Reputation: 1632
I have html page with many lines and one of the line is:
var premium_download_link = 'http://www.someurl.com/';
how can I find that line inside html page and extract http://www.someurl.com from the line?
Upvotes: 0
Views: 526
Reputation: 54551
Using sed
:
sed -n -e "s/.*var premium_download_link = '\([^']*\)';.*/\1/p"
The -n
flag suppresses printing unless we explicitly print using p
. Thus only matched (then substituted) lines are printed.
EDIT (based on OP comment):
To get this in a shell variable you might want something like:
url=$(wget -qO - "http://originalurl.com/" | sed -n -e "s/.*var premium_download_link = '\([^']*\)';.*/\1/p")
This fetches the page and runs it through sed
. The output should be the url, which gets stored in a variable named url
.
Upvotes: 2
Reputation: 77085
With awk
you can extract specific field values by defining the field separator variable.

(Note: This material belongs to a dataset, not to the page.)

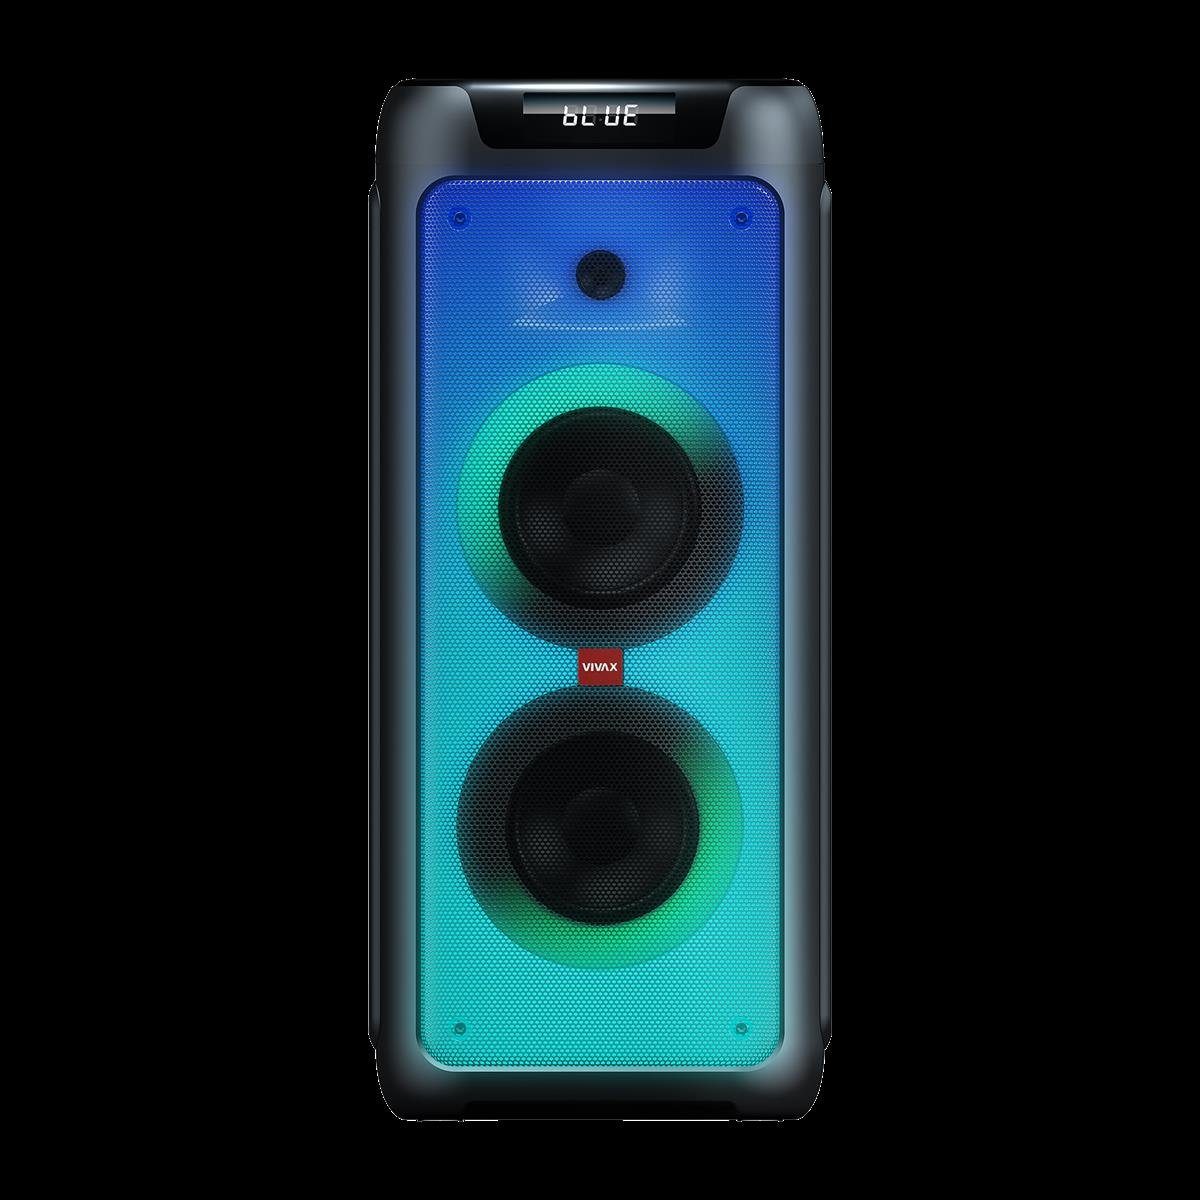 Vivax 50 Watt Bluetooth-Karaoke-Lautsprecher Bluetooth-Lautsprecher W) BS-500 50 (Bluetooth

For instance, the following should work -
$ echo "var premium_download_link = 'http://www.someurl.com/';" |
awk -F"'" '{ print $2 }'
http://www.someurl.com/
However, your html
file may have other content. So you can add a regex in front of the script to ensure that it runs only when the specific line is encountered.
For example -
awk -F"'" '/premium_download_link/{ print $2 }'
Upvotes: 2
Reputation: 1210
echo "var premium_download_link = 'http://www.someurl.com/'" | awk '{print substr ($4,2,23)}'
Upvotes: 3
Reputation: 20065
With awk :
awk -F "'" '{ for (f=1; f<=(NF-1)/2; f++) print $(f*2) }' $1
-F "'"
define the quote '
as the separator for given input.
Upvotes: 2